# README
Plain Text Extractor
Plain Text Extractor is a Golang library that helps you extract plain text from HTML
and Markdown
.
It provides a flexible and extensible interface for extracting the plain text content using both the predefined extraction methods and your own custom extraction requirements.
Features
- Parse HTML and Markdown documents into plain text.
- Support for custom extraction functions.
- Easy-to-use API to convert complex documents to simple plain text.
Installation
go get github.com/yarikbratashchuk/plaintext-extractor
Usage
Markdown extractor
markdownContent := "# H1 \n*italic* **bold** `code` `not code [link](https://example.com)  ~~strikethrough~~"
extractor := NewMarkdownExtractor()
output, err := extractor.PlainText(markdownContent)
if err != nil {
panic(err)
}
fmt.Println(output)
// Output: H1 \nitalic bold code `not code link image strikethrough
Benchmark
goos: windows
goarch: amd64
pkg: github.com/yarikbratashchuk/plaintext-extractor/markdown
cpu: 11th Gen Intel(R) Core(TM) i5-1155G7 @ 2.50GHz
BenchmarkMarkdownExtractorMediumSize
BenchmarkMarkdownExtractorMediumSize-8 12194006 89.09 ns/op 16 B/op 1 allocs/op
BenchmarkMarkdownExtractorLargeSize
BenchmarkMarkdownExtractorLargeSize-8 12645927 88.25 ns/op 16 B/op 1 allocs/op
PASS
Custom Markdown Tag
markdownContent := "This is {color:#0A84FF}red{color}"
customTag := markdown.Tag{
Name: "color-custom-tag",
FullRegex: regexp.MustCompile("{color:[a-zA-Z0-9#]+}(.*?){color}"),
StartRegex: regexp.MustCompile("{color:[a-zA-Z0-9#]+}"),
EndRegex: regexp.MustCompile("{color}"),
}
markdownExtractor := NewMarkdownExtractor(customTag)
plaintextExtractor := plaintext.NewExtractor(markdownExtractor.PlainText)
plaintext, err := plaintextExtractor.PlainText(markdownContent)
if err != nil{
panic(nil)
}
fmt.Println(plaintext)
// Output: This is red
HTML Extractor
html := `<div>This is a <a href="https://example.com">link</a></div>`
extractor := NewHtmlExtractor()
output, err := extractor.PlainText(html)
if err != nil {
panic(err)
}
fmt.Println(output)
// Output: This is a link
Multiple extractors
input := `<div> html </div> *markdown*`
markdownExtractor := markdown.NewExtractor()
htmlExtractor := html.NewExtractor()
extractor := NewExtractor(markdownExtractor.PlainText, htmlExtractor.PlainText)
output, err := extractor.PlainText(input)
if err != nil {
panic(err)
}
fmt.Println(output)
// Output: html markdown
Contribution
Contributions to the Plain Text Parser project are welcome! If you find any issues or want to add new features, please feel free to open an issue or submit a pull request. Please see the CONTRIBUTING.md for more information.
License
This project released under the MIT License, refer LICENSE file.
# Functions
NewExtractor creates a new Extractor instance with the given extract function.

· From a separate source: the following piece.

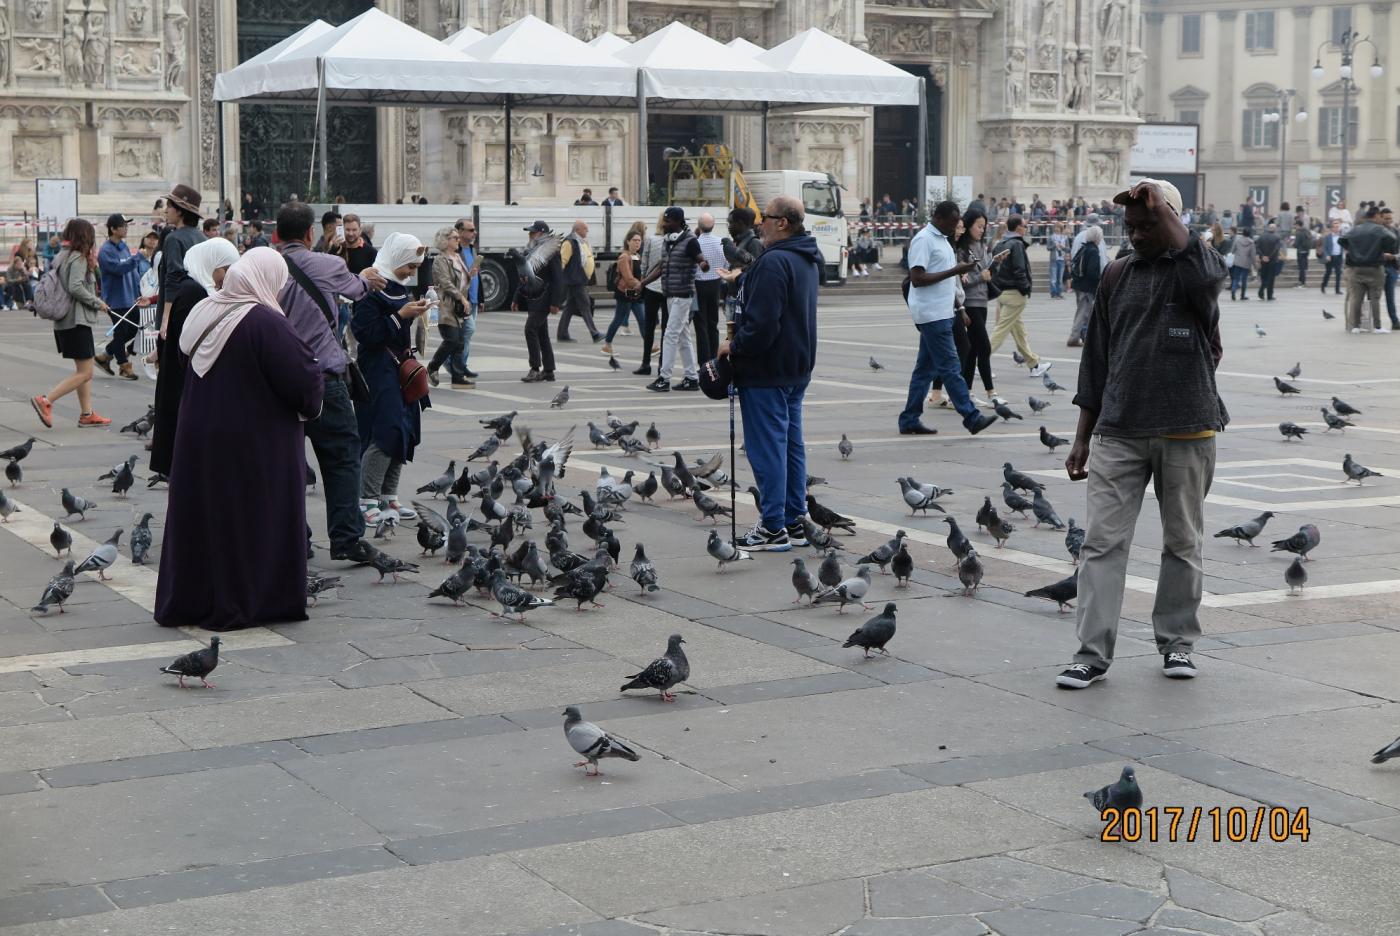 乐趣无穷:抓怕意大利街头的形形色色_图1-6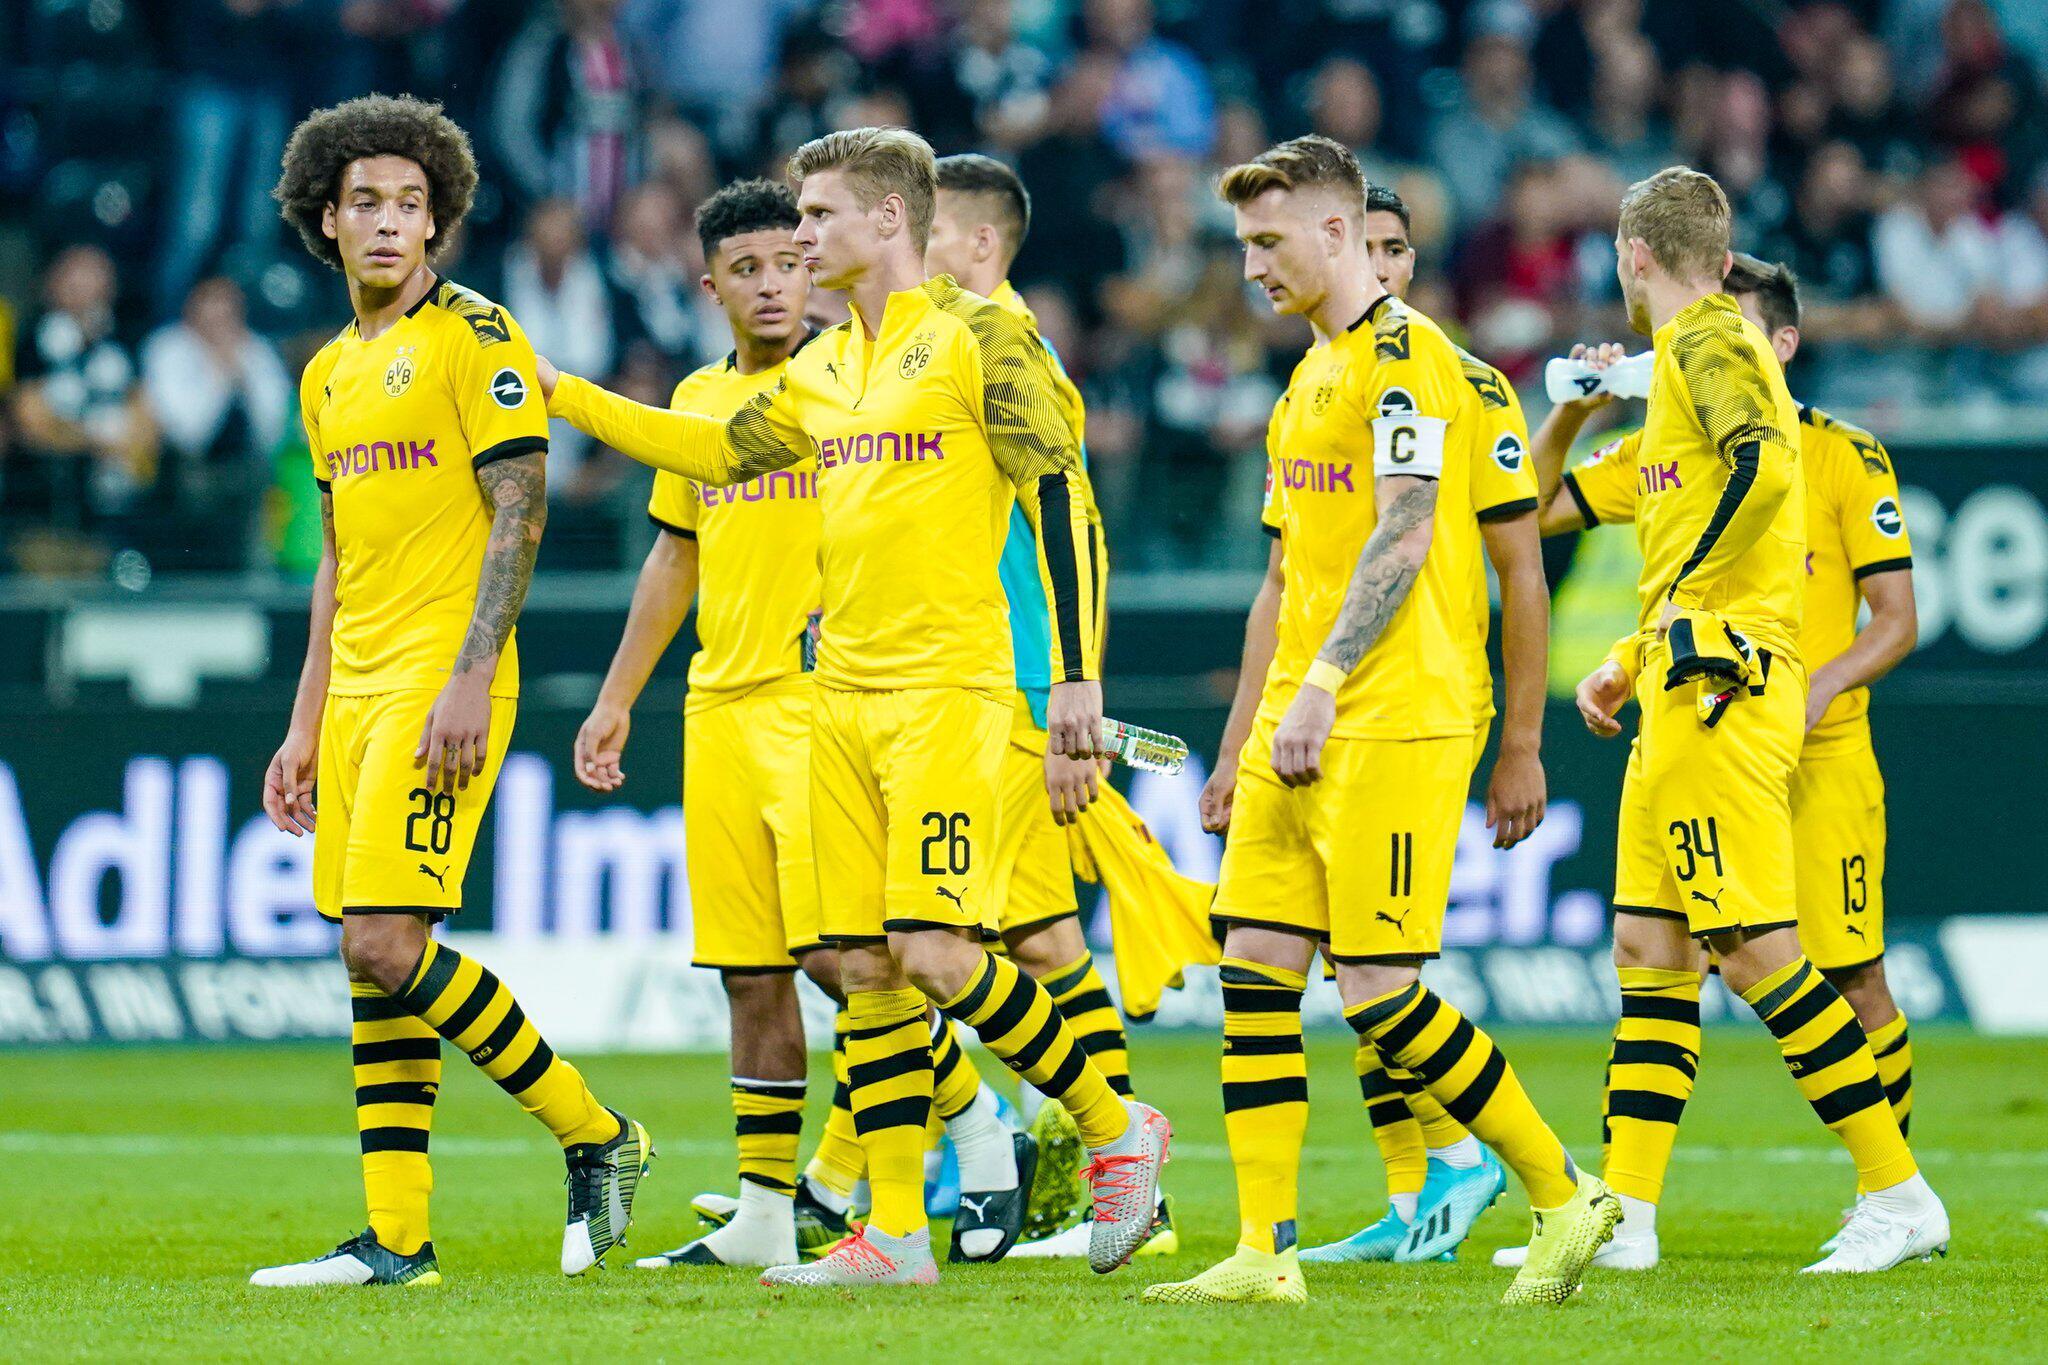 Bild zu Eintracht Frankfurt - Borussia Dortmund

No description provided by the author
No description provided by the author
# Structs
Extractor represents a plain text extractor that can parse input strings using multiple extract functions (for example html or markdown).
# Type aliases
ExtractFunc is the function signature for extracting plain text from a given input string.